About this exercise:
Nothing should appear in the answer except the lines from the one with "PARASOLE PROTEZIONE ANTIPIOGGIA" through the end of the listing below, transcribed exactly and without pictures.

Recorded data:
----------------
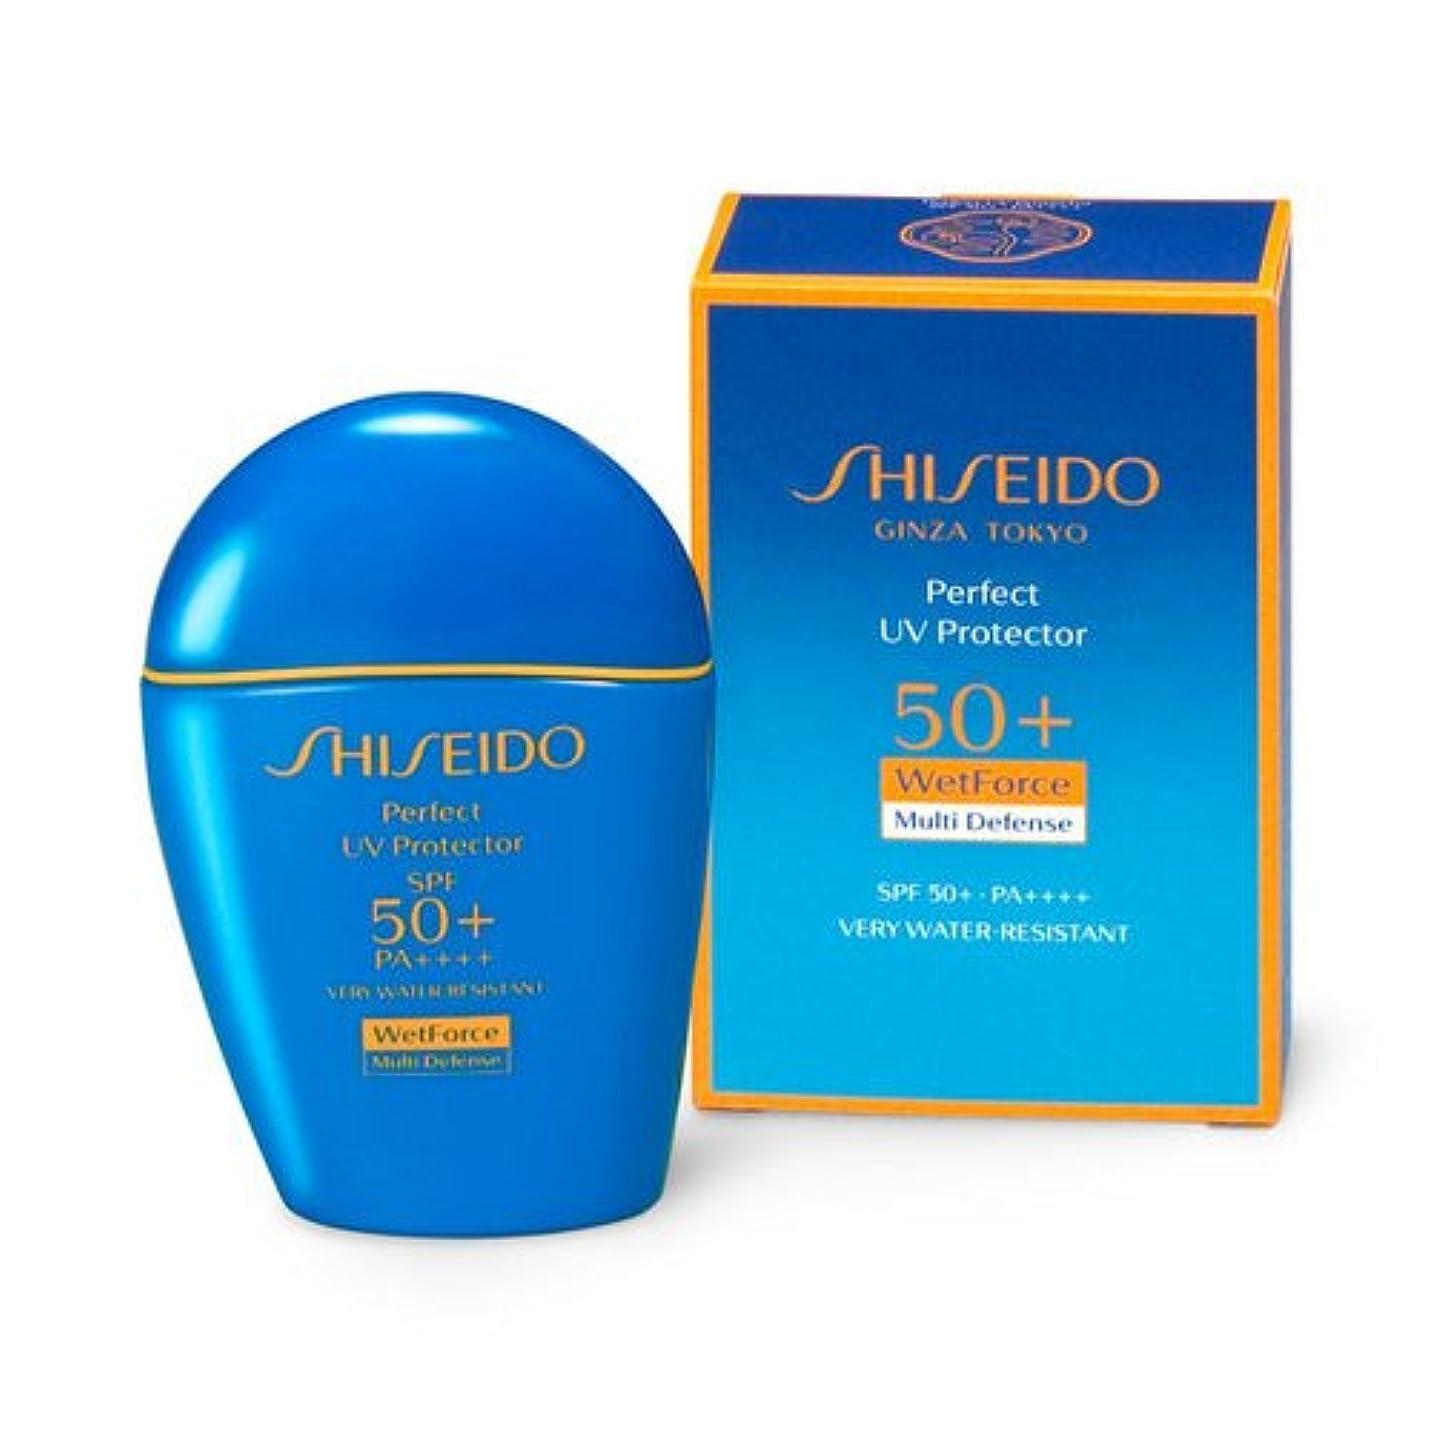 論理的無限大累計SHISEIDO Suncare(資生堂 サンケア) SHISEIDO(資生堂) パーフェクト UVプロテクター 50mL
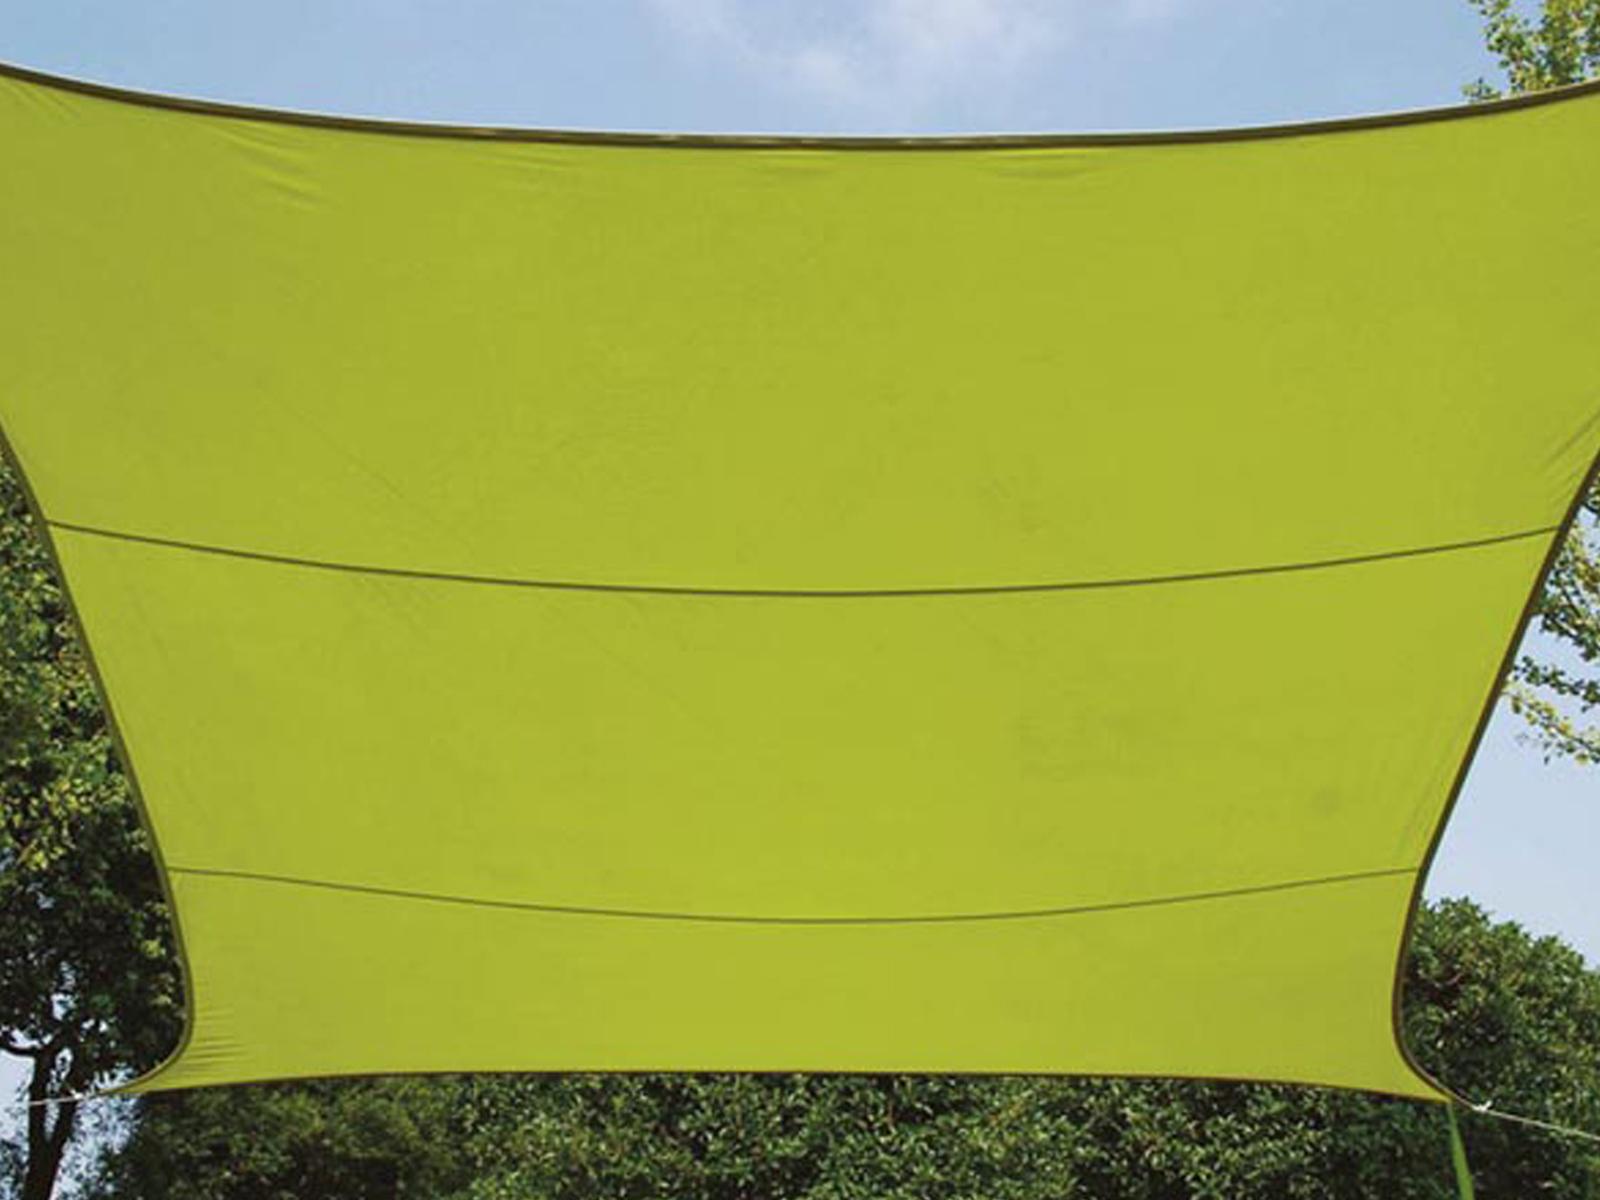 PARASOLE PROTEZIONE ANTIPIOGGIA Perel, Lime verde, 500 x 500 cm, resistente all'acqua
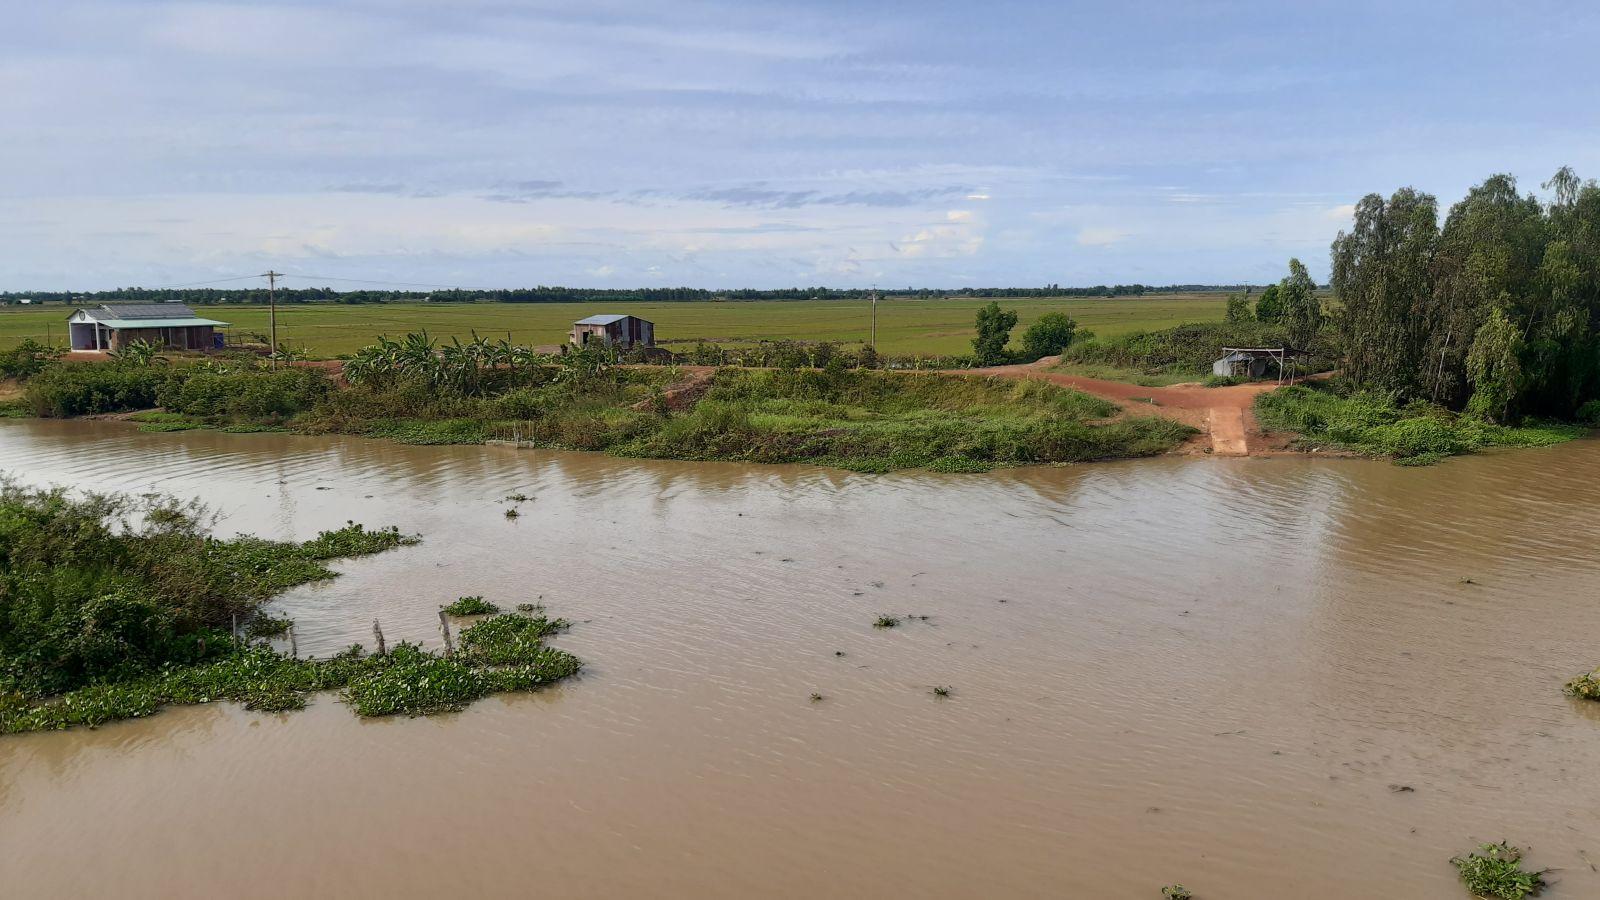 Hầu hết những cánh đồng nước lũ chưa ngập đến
----------------
Task output:
 PARASOLE PROTEZIONE ANTIPIOGGIA Perel, Lime verde, 500 x 500 cm, resistente all'acqua
 Hầu hết những cánh đồng nước lũ chưa ngập đến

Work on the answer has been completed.